9) Bench top Adjustments????
Blue “A”) I understand what this does and how it works
Red “B”) ehhh i think i get it, is it really just for adjusting the pulldown lever?
Purple “C”) Make sure choke pull down pulls the choke plate open to specs listed on the adjustment data sheet. I understand that
Green “C” What dose this screw do? And is there an initial position i should put it in before i start adjustments??? Ehh i am really confused by this little screw.
Question about each number
- Why? Why not just set the choke clever where it needs to be?
- Ok
- Ok but i have to hold it back with my finger because it will not hold the vacuum, i have a “gun” style vacuum tool and if i continuously pump it the diaphragm holds but when i stop it holds for a fraction of a sec the release. Is that ok?
- With the the diaphragm held back (imaginary vacuum) i open the throttle and close it
- I just get how adjusting this screw affects anything?? In order to get the fast idle screw to rest on the “v” i have to turn the screw #5 is pointing all the way out so it's not even touching the plate it touches when you screw it in???? Is there an initial position I should start with ie all the way in half way? Same question for the fast idle screw. I'm sure all this was set at the factory but it's been messed with by so many people that said they knew about carbs and just started turning things this way and that way. Now I'm trying to fix it myself but I don't know enough… sorry that was a little bit of a tangent rant.

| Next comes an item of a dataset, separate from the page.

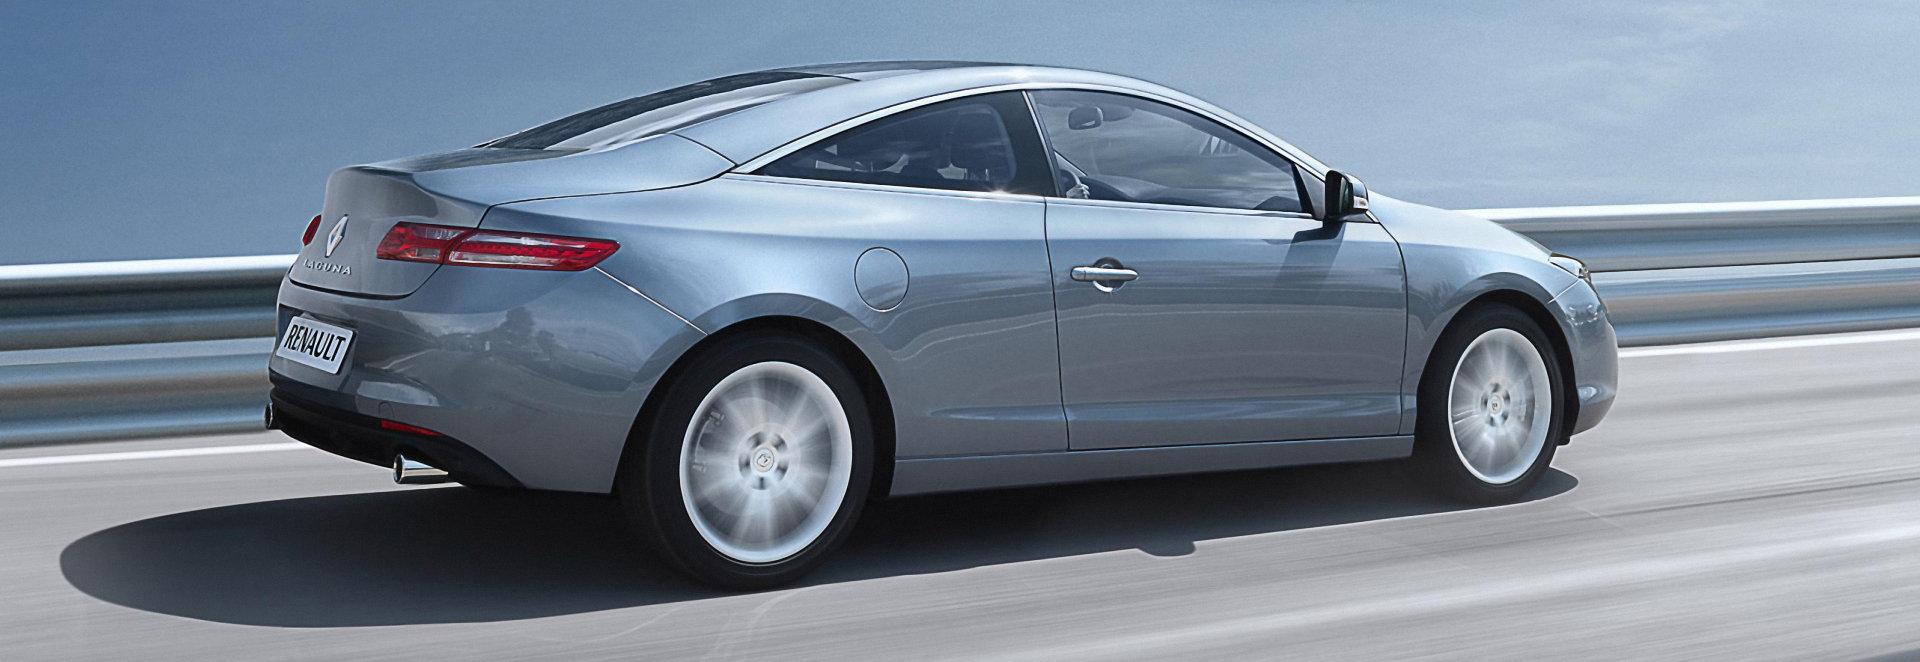 Coche del día: Renault Laguna Coupé

I'm not really sure what to ask now? I guess what is the first thing I should do? The fast idle linkage is just really confusing to me and I'm sure I'm making it more confusing than it needs to be. i if someone wants to do a video chat where we can look at the carb and i can ask questions and follow instructions that would be sweet. Id pay for knowledge Venmo or PayPal or maybe you live in Colorado near the front range and you are willing to meet up and transfer some carb knowledge? Idk im just hoping for the best…

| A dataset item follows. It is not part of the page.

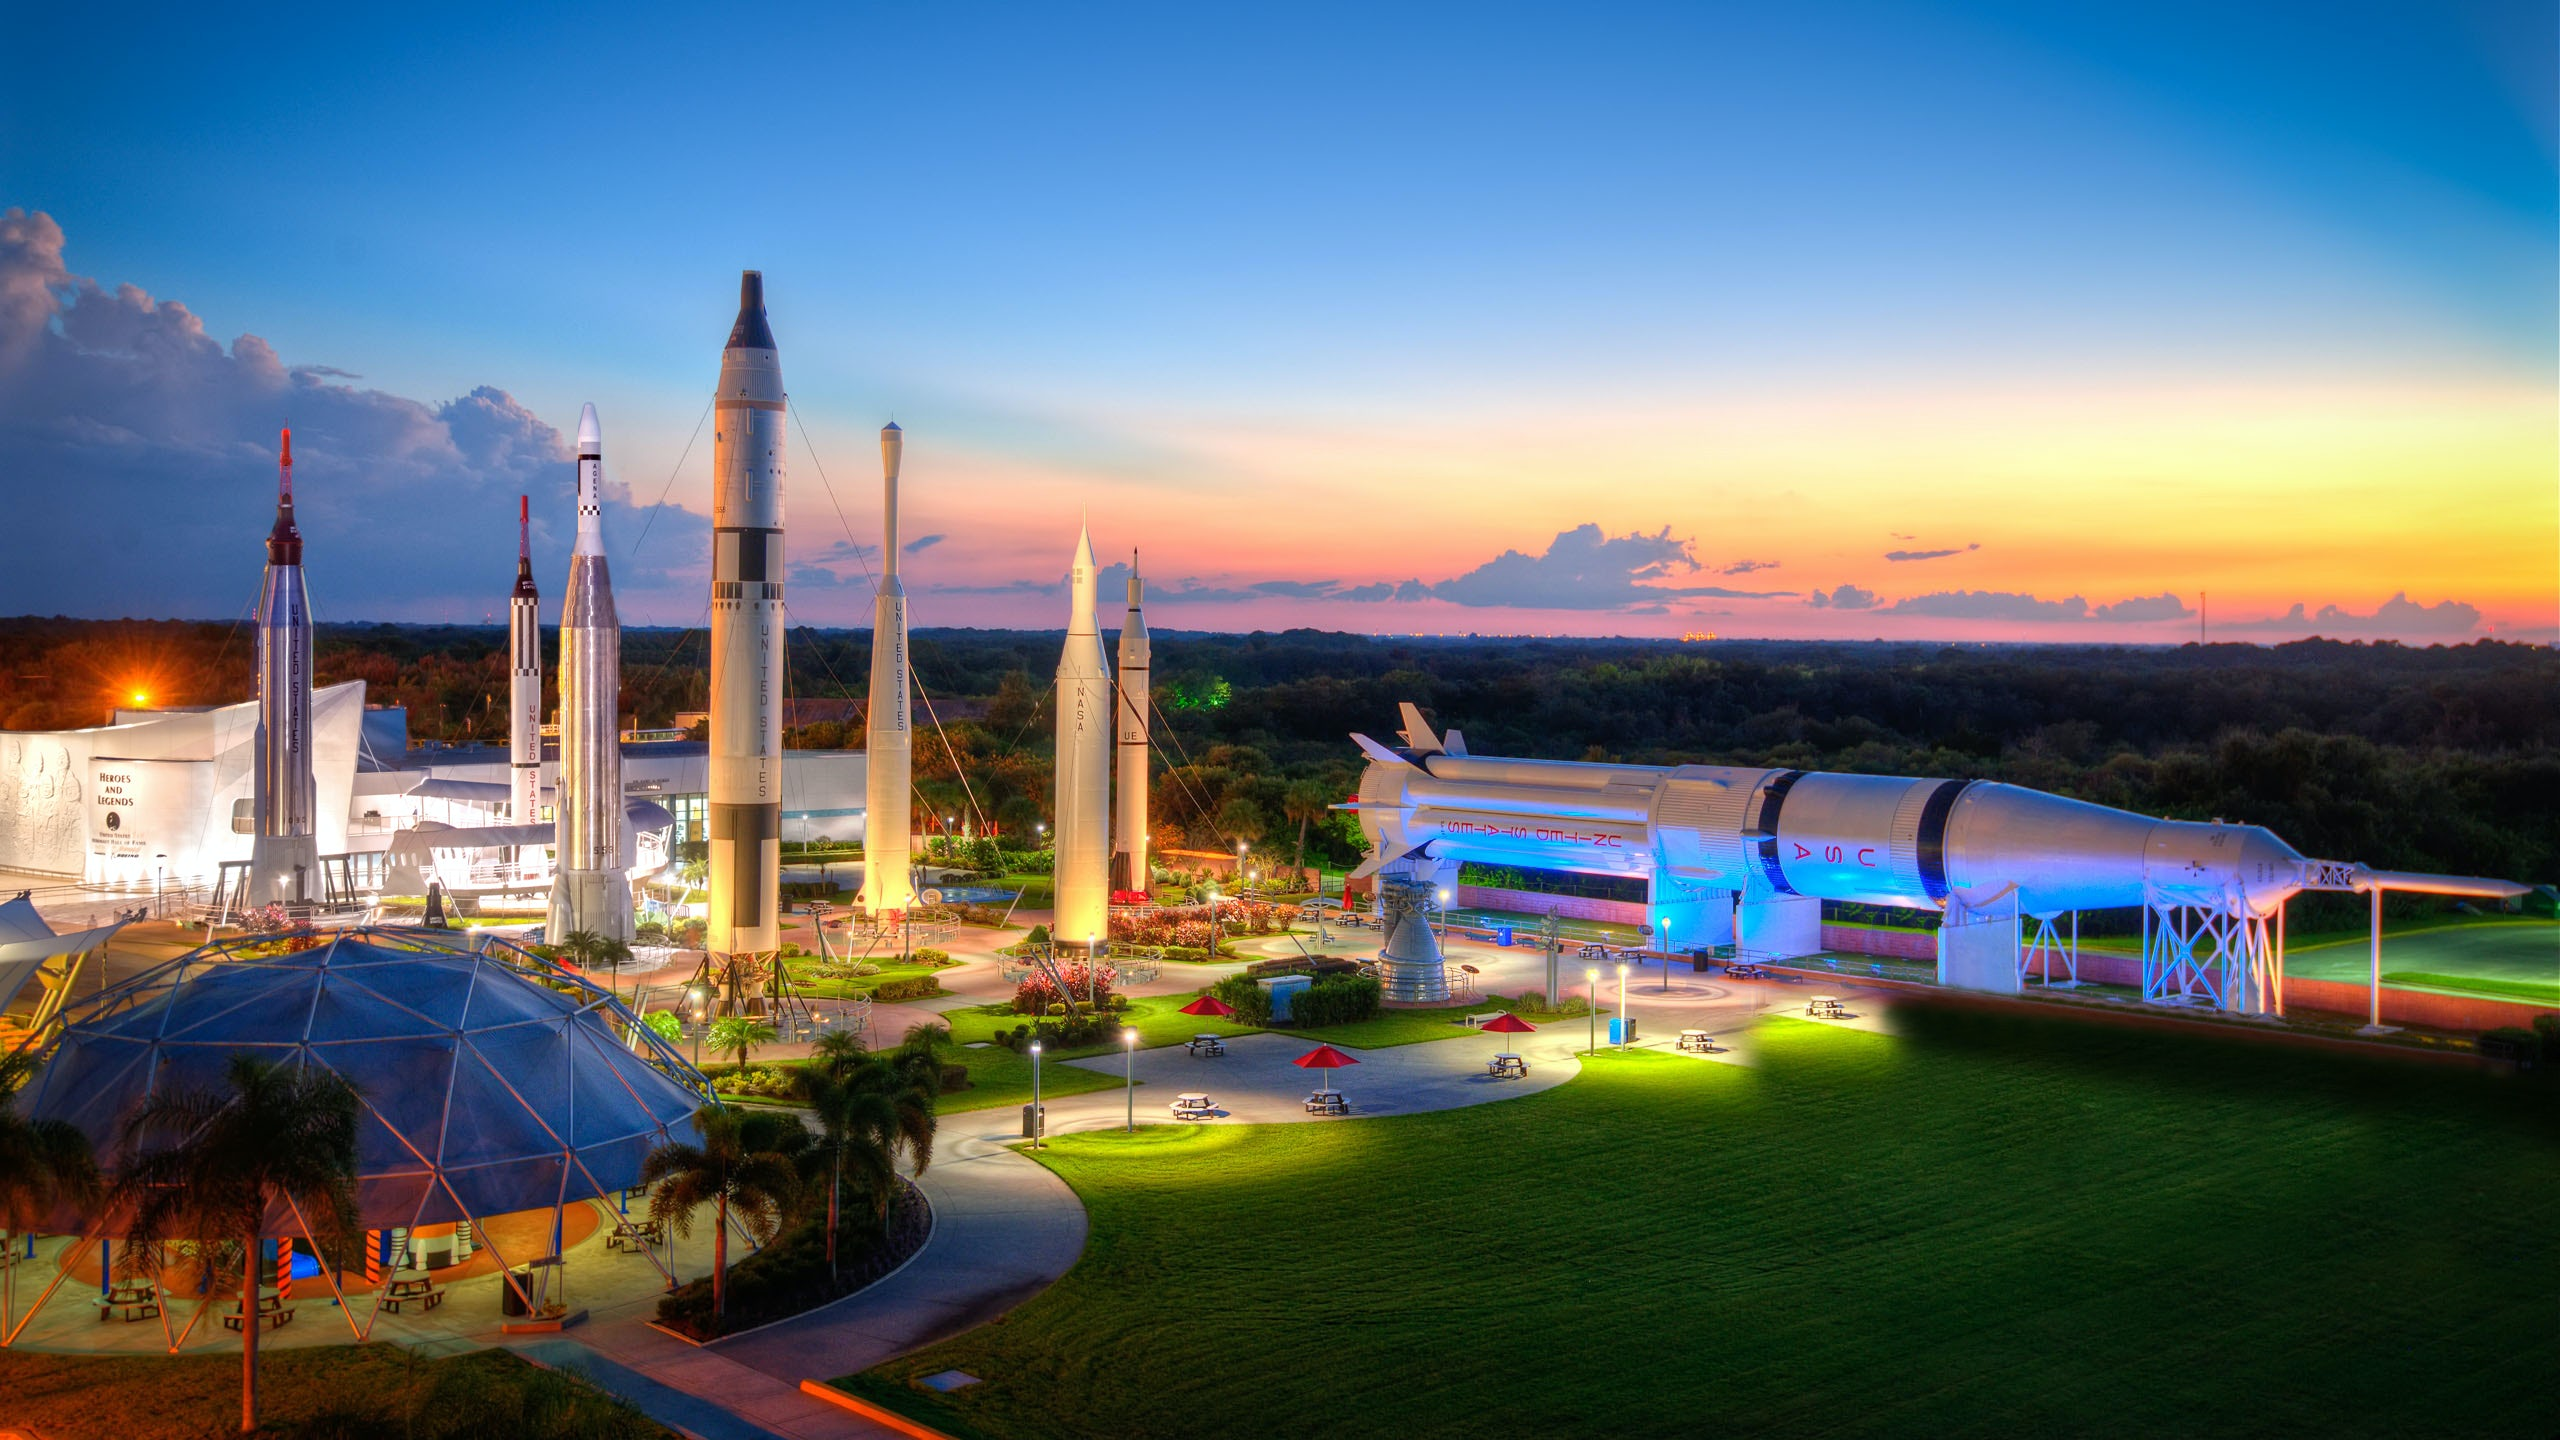 discount kennedy space center tickets orlandofunticketscom - HD2560×1440

Hers some picture of the engine in different phases of work
Pretty proud of myself for getting this far ( pat myself on the back)
The pitting on the carb throttle plates is unimportant, but does indicate that it probably has serious corrosion elsewhere in it. The uneven coverage of the transfer slots by the plates is a problem. The twisted up idle mixture screw shows the carb has suffered serious abuse. The good thing is that you don't have a lot to lose by experimenting with it, so try twisting the plates against each other until they "index" the same, i.e cover the transfer slots equally. I think that the transfer slots should not be exposed at all at idle.
The mixture screws definitely need replacing. From your reading you probably know that they should only be lightly seated so as to not damage the seat material they seat against.
Many years ago 2V carbs were cheap, as in $5 to $20 for a good one. I don't know if it's easy to find a good carb cheap nowadays, which will determine if it's worth your while to fiddle with, and spend money on, this one.
Your first picture of the cylinder block is a good one as it shows the casting numbers as well as the date code. I believe the "7F6" indicates the block was cast on June 6th 1977 (77June6).